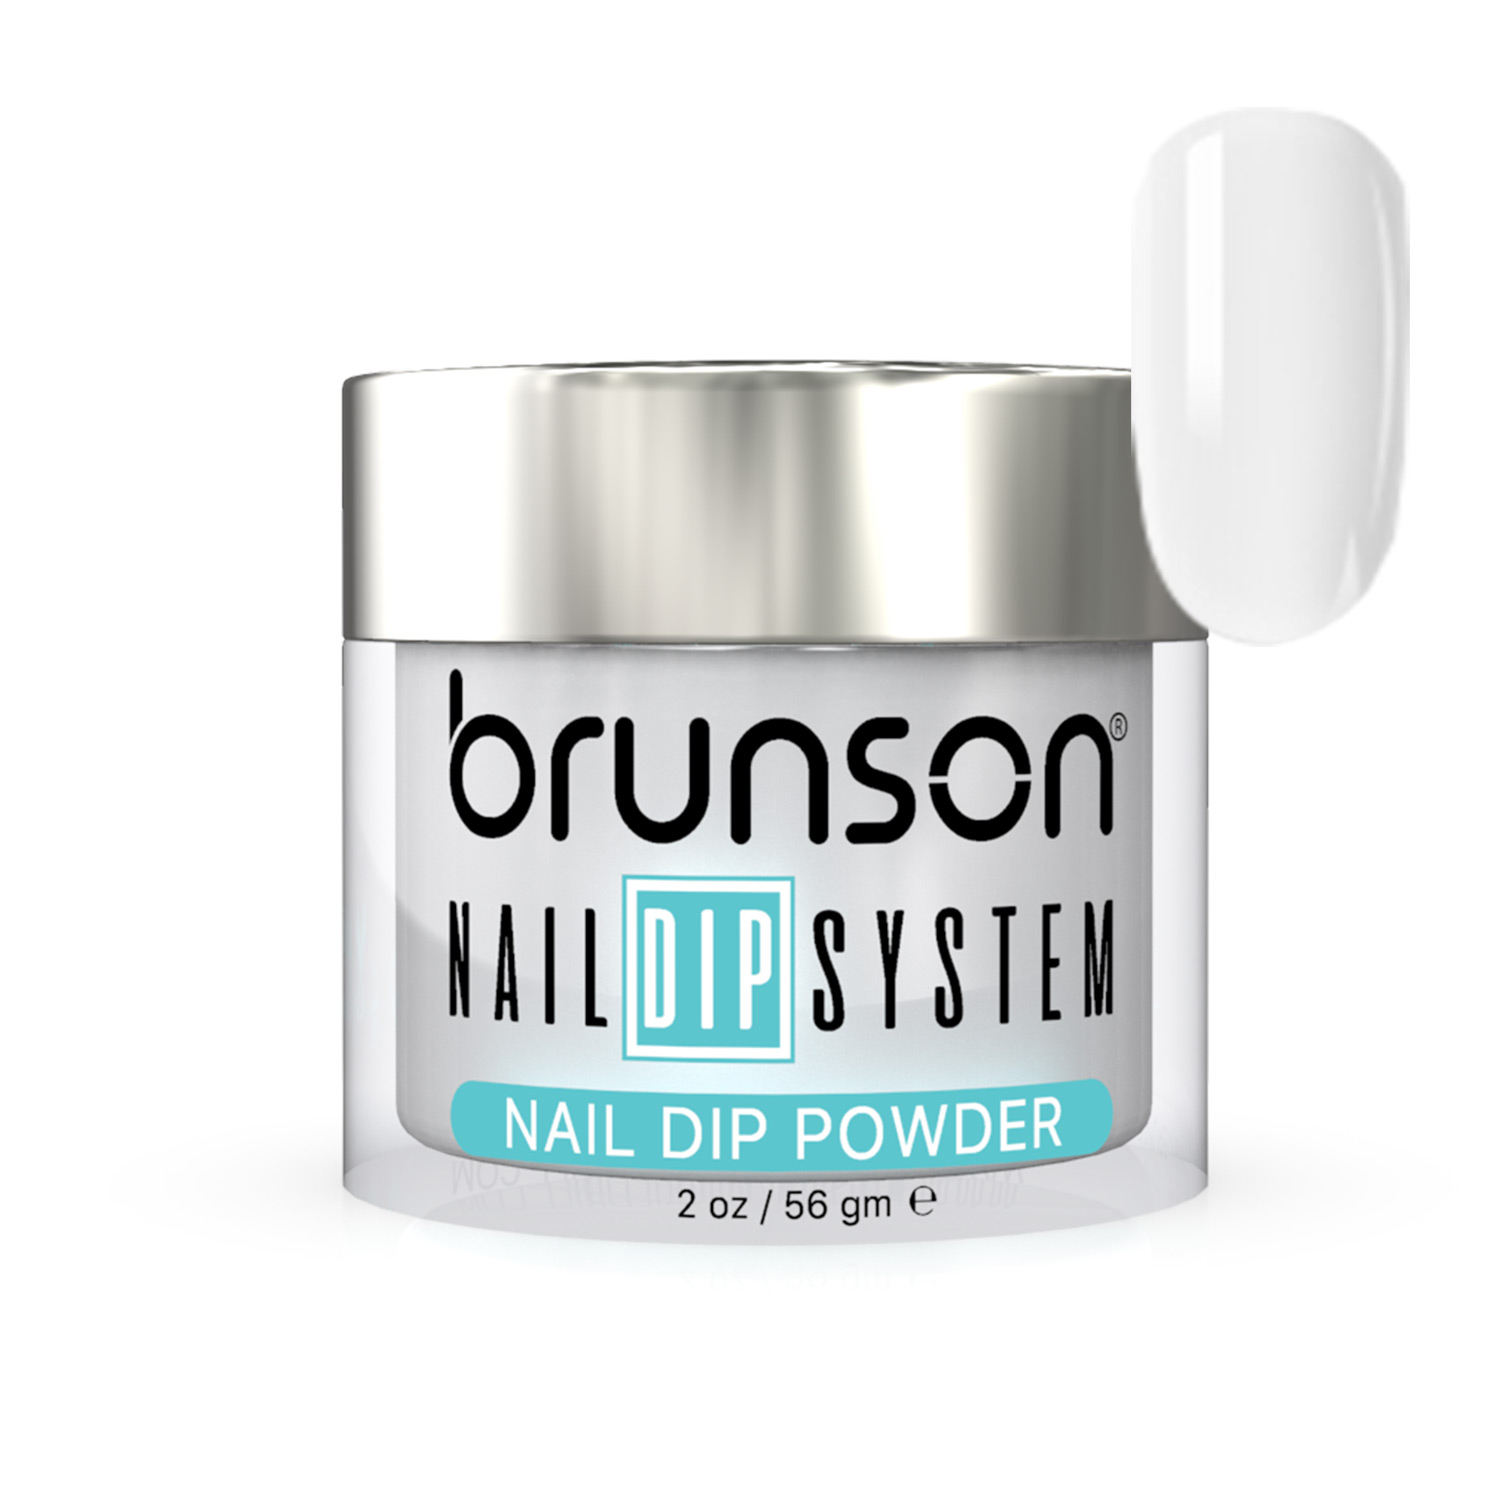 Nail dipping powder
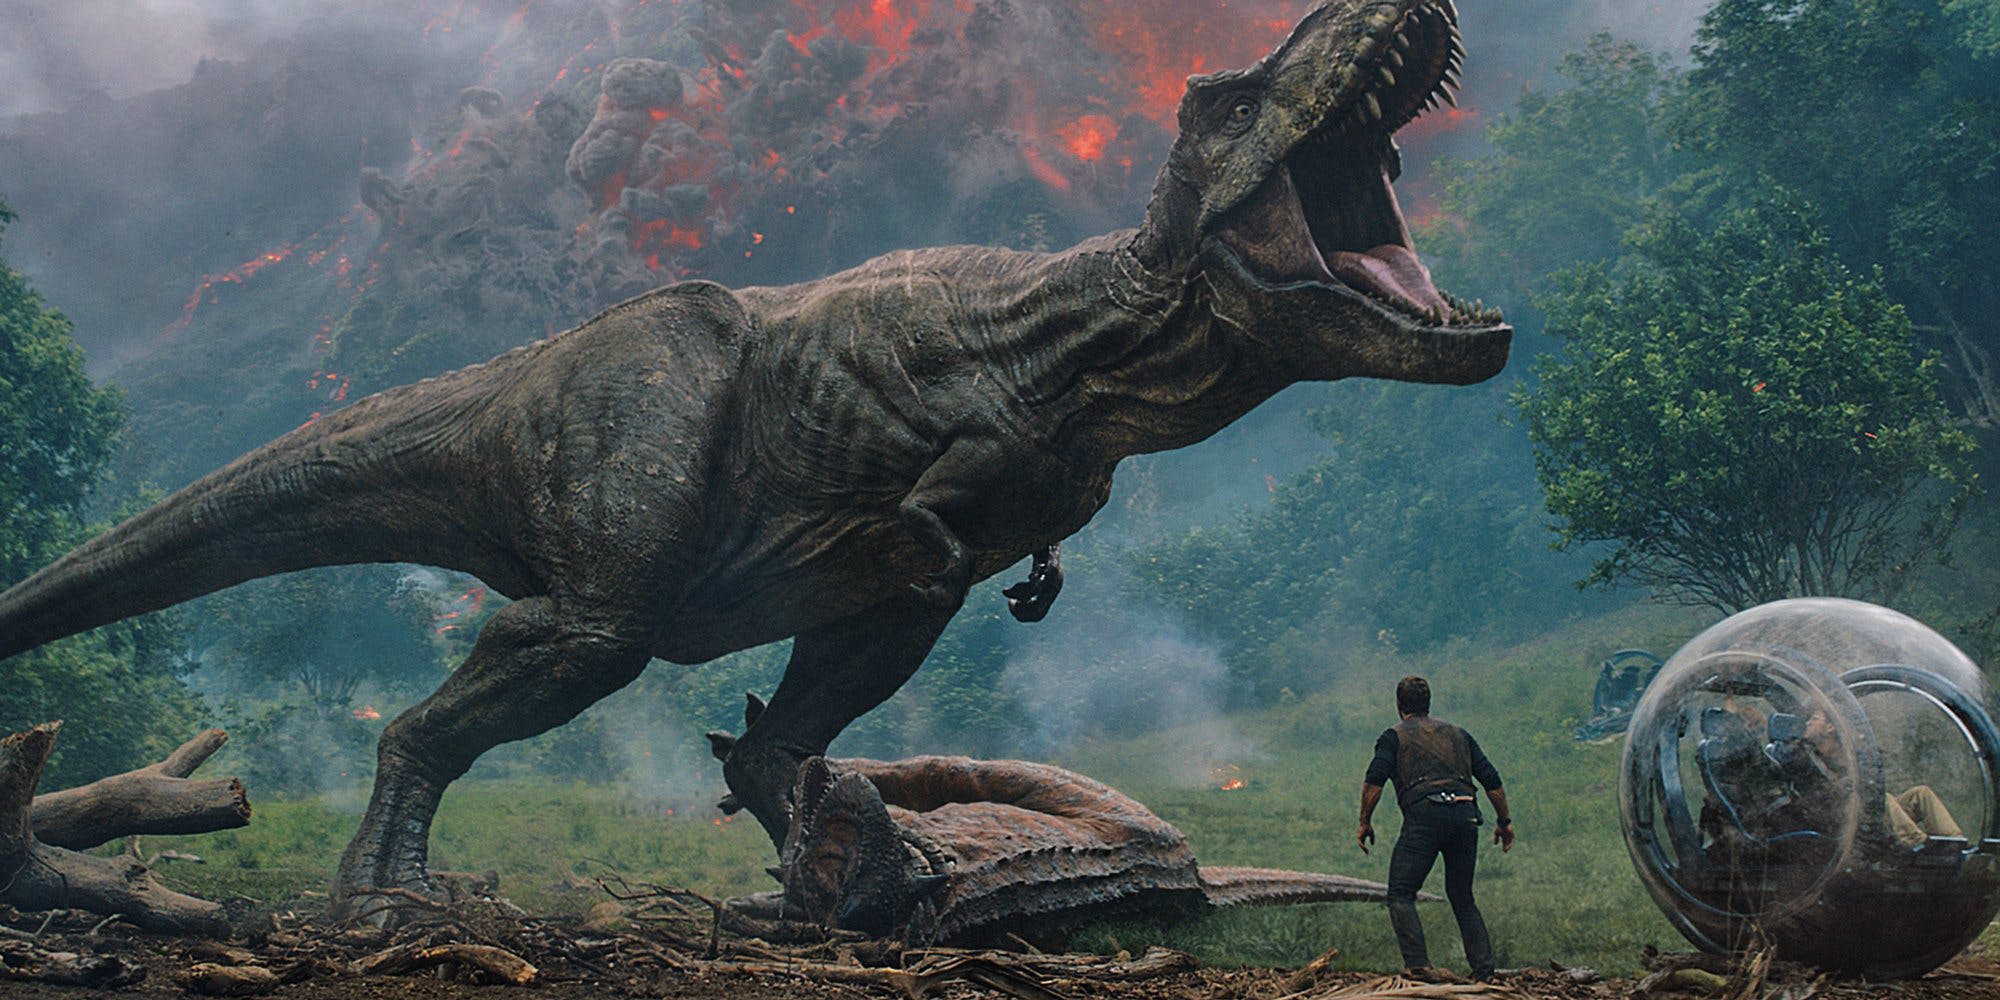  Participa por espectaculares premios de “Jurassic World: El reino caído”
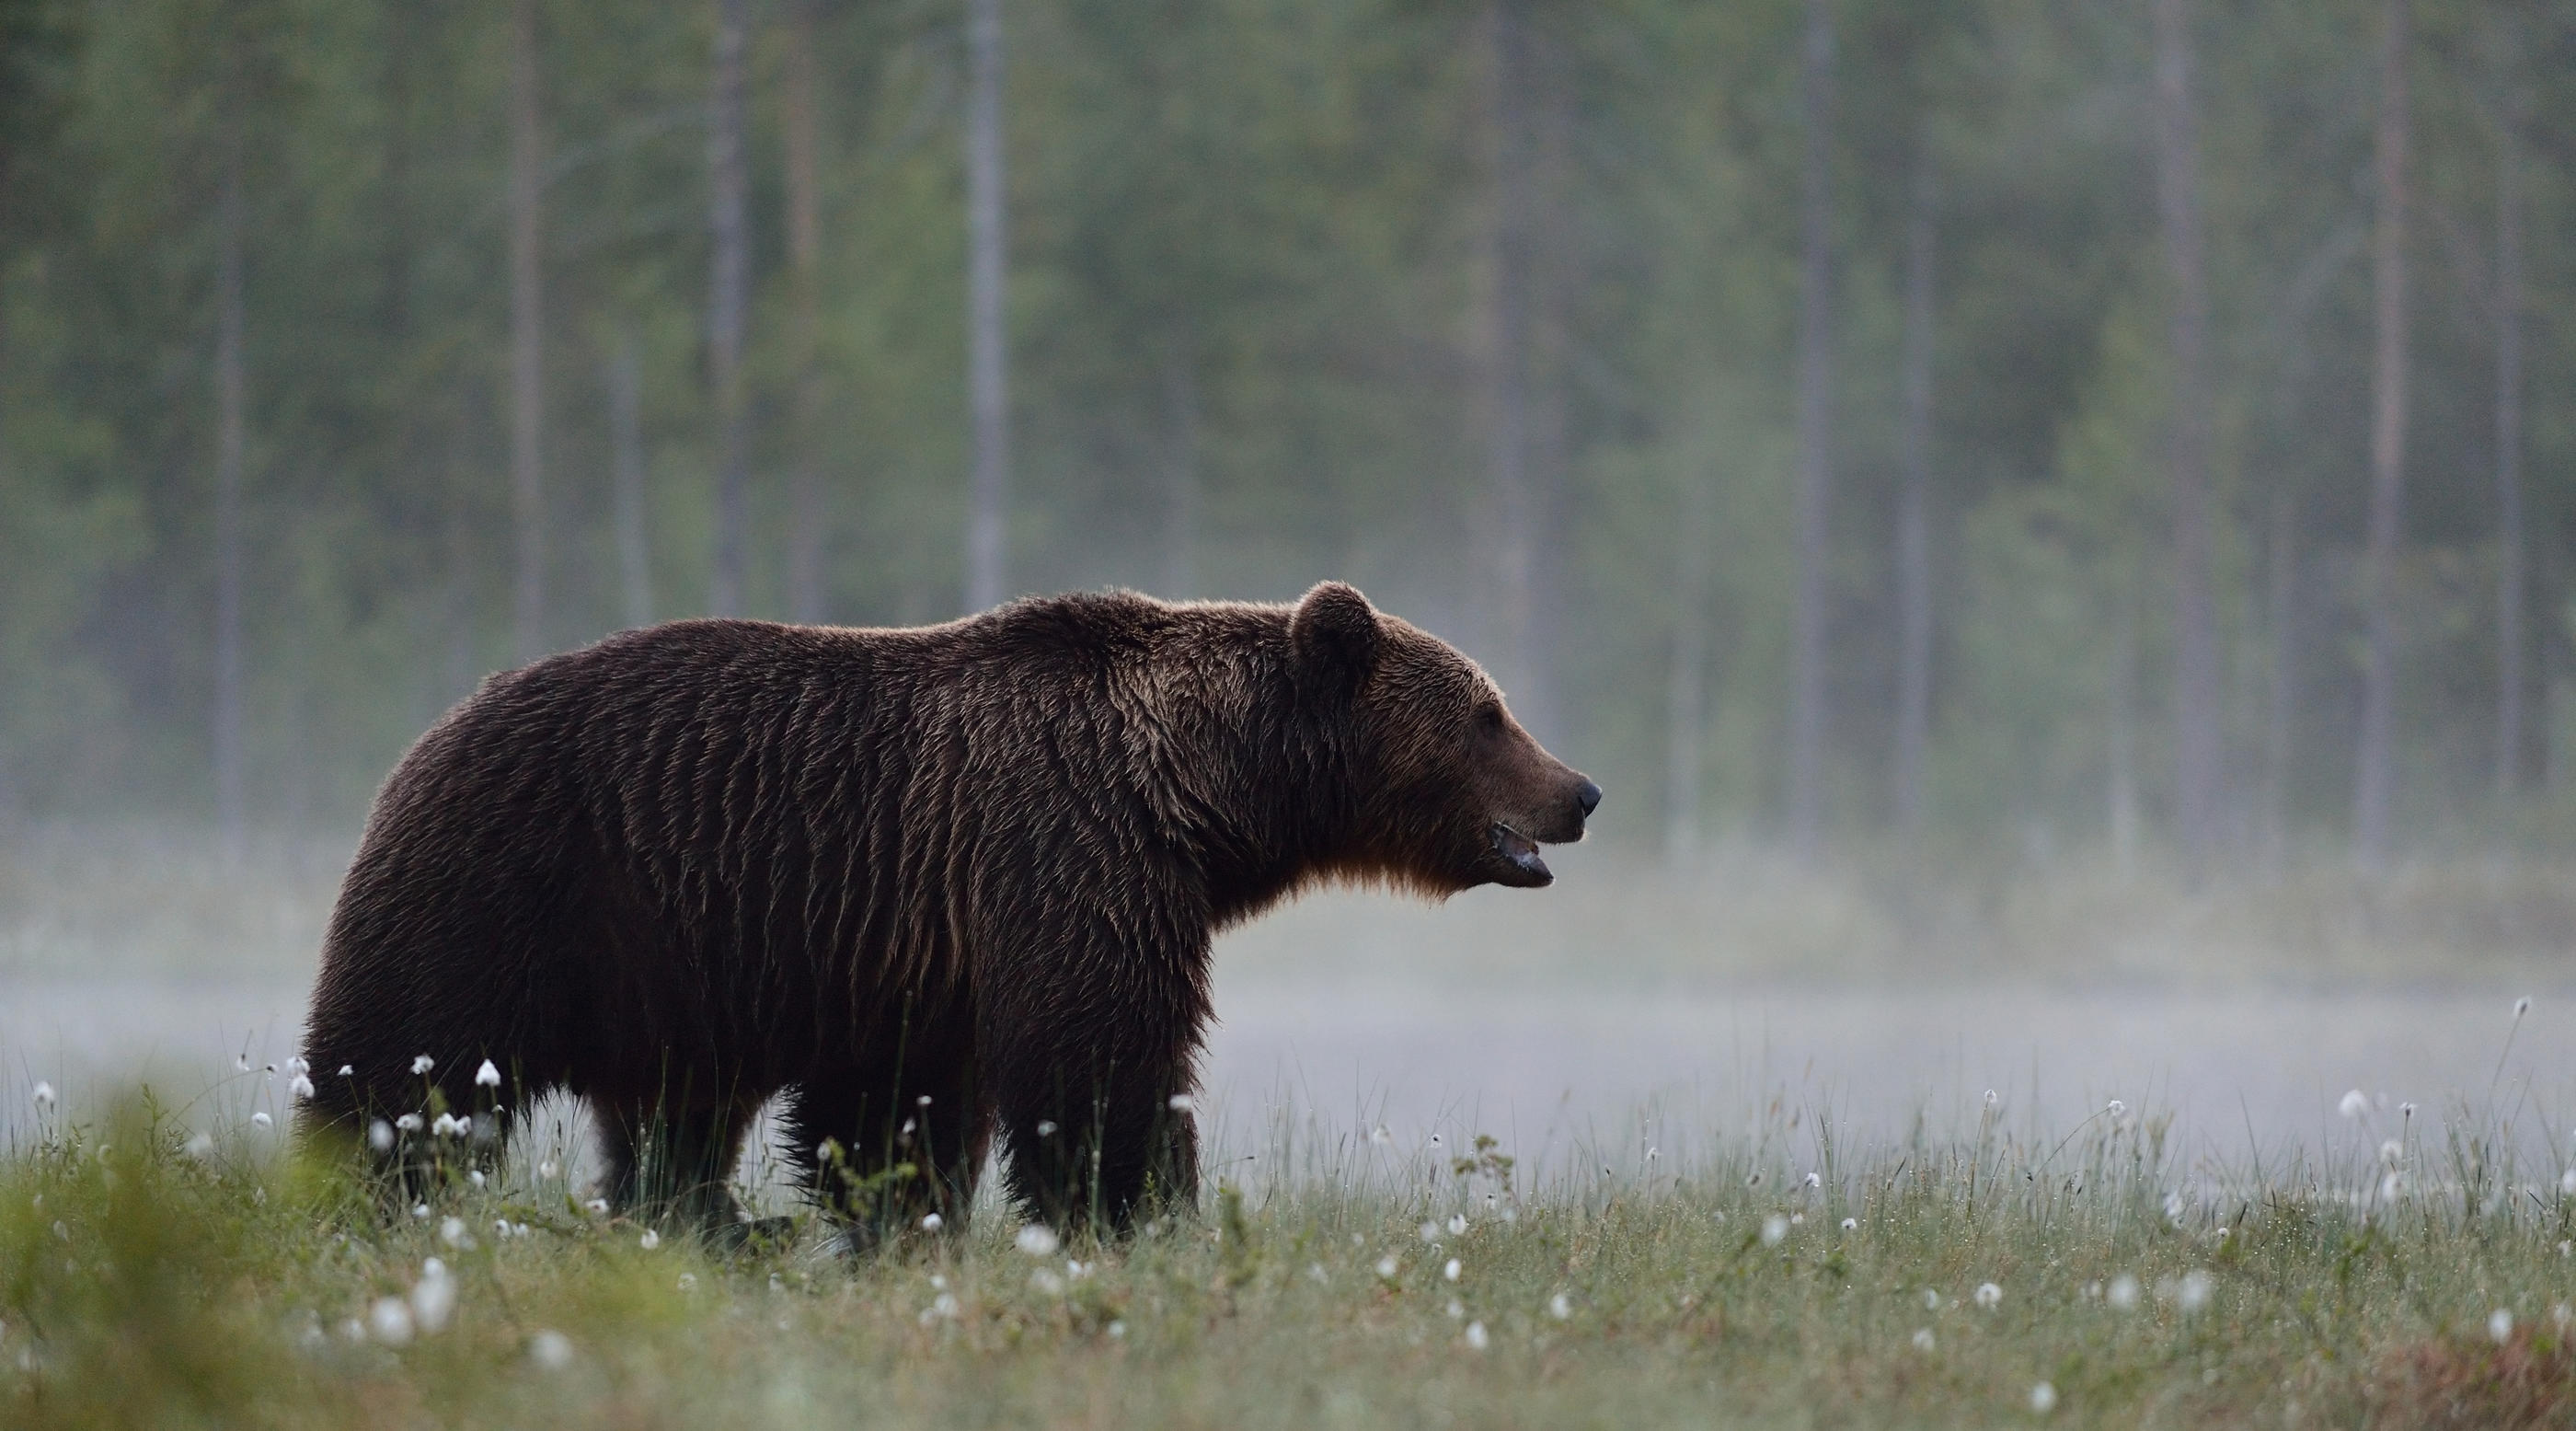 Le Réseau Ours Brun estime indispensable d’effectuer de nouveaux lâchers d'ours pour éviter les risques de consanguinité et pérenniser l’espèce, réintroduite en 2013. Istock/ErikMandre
....
The whole listing is to be retyped exactly, with its pictures removed.

## RESPONSE:
 Nail dipping powder
  Participa por espectaculares premios de “Jurassic World: El reino caído”
 Le Réseau Ours Brun estime indispensable d’effectuer de nouveaux lâchers d'ours pour éviter les risques de consanguinité et pérenniser l’espèce, réintroduite en 2013. Istock/ErikMandre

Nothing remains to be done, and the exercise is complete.